A declaração foi dada em entrevista exclusiva à revista “Marie Claire”.




O caso aconteceu em 21 de fevereiro, após derrota para o São Paulo nas quartas de final. O zagueiro Gustavo Marques criticou a arbitragem e questionou a presença de uma mulher em um jogo decisivo.


“Não adianta a gente jogar contra São Paulo, Palmeiras, Corinthians e eles colocar uma mulher para apitar um jogo desse tamanho. (…) Ela acabou com o nosso jogo. Eu acho que a Federação Paulista tem que olhar para uns jogos desse tamanho, não colocar uma mulher”, afirmou o jogador na ocasião.


Daiane, de 37 anos, é árbitra da Fifa e já atuou em competições como os Jogos Olímpicos de Paris 2024 e Copas do Mundo femininas. A repercussão do caso foi imediata. Após o episódio, o Tribunal de Justiça Desportiva de São Paulo puniu Marques com 12 jogos de suspensão e multa de R$ 30 mil.


A árbitra afirmou ter se sentido apoiada pelas instituições após o caso, citando a atuação da Federação Paulista de Futebol e da CBF.

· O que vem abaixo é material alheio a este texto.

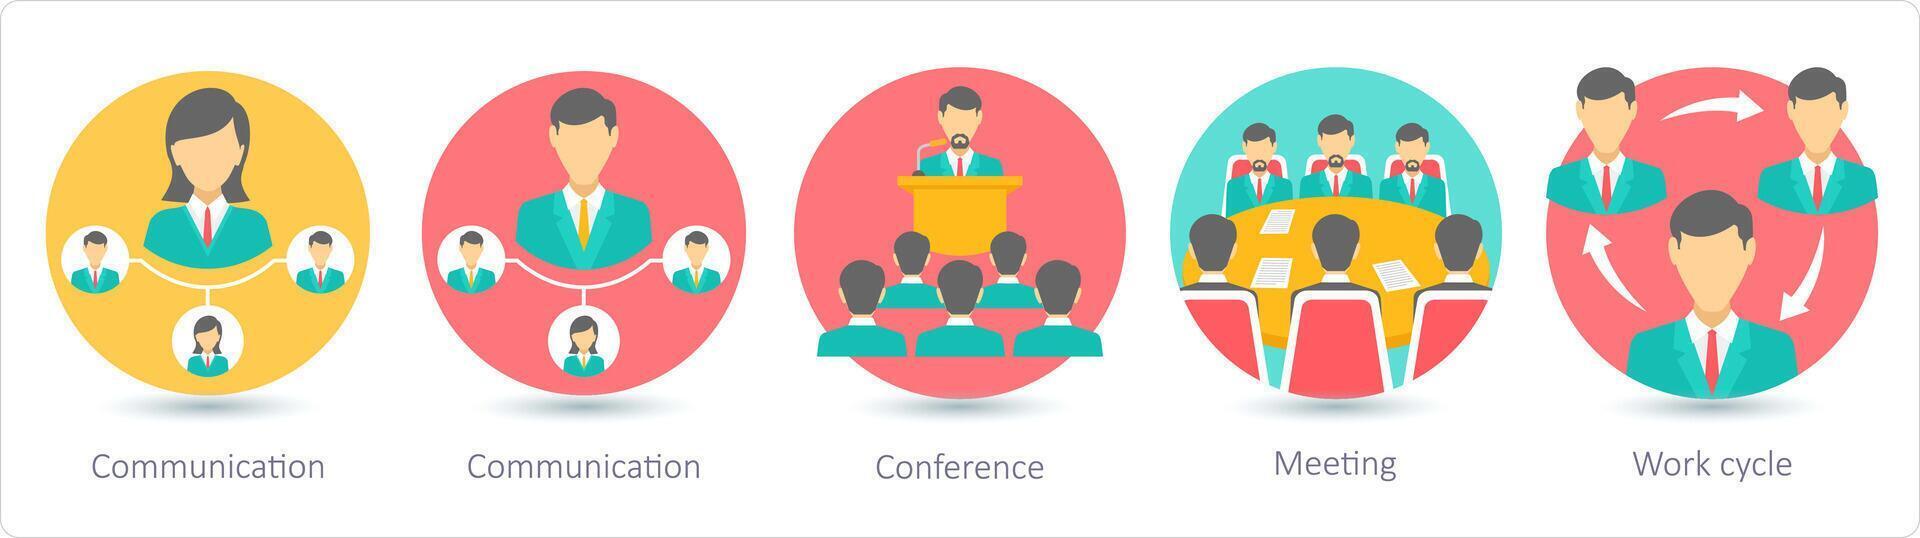 un conjunto de 5 5 negocio íconos como comunicación, conferencia, reunión vector

“Eu me senti amparada e representada. Na verdade, me sinto assim com as instituições que represento, tanto a Federação Paulista de Futebol quanto a CBF. Acredito que a postura delas, além do apoio que trazem pela causa, é o mais importante nesse caso”, avaliou.


Não obstante, Daiane explicou que criou mecanismos para lidar com situações como essas.


“Eu, como profissional, tenho minhas estratégias para seguir, para não ser abalada, para não entender isso como algo que vá me prejudicar ou diminuir a minha força mental. Mas as instituições fizeram o papel delas.”


“Não negocio respeito”


A árbitra também ressaltou que o ambiente ainda passa por transformação, mas que a presença feminina contribui para mudanças estruturais no esporte. Segundo Daiane, episódios como o ocorrido não podem definir carreiras, mas devem servir como ponto de reflexão sobre o futebol e seus agentes.


“Eu acredito que, dentro de campo, a gente precisa falar sobre liderança. E liderança, independentemente do gênero, é a capacidade de se sustentar. O futebol me ensina que liderar não é impor, mas sustentar uma decisão sob pressão”, disse.


Daiane também destacou a evolução do espaço feminino no futebol e o papel da presença em campo nesse processo.


“Dentro do campo, eu não negocio o respeito. Mas eu acredito que o futebol está mudando e que, cada vez que uma mulher ocupa esse espaço com competência, essa mudança avança um pouco mais.”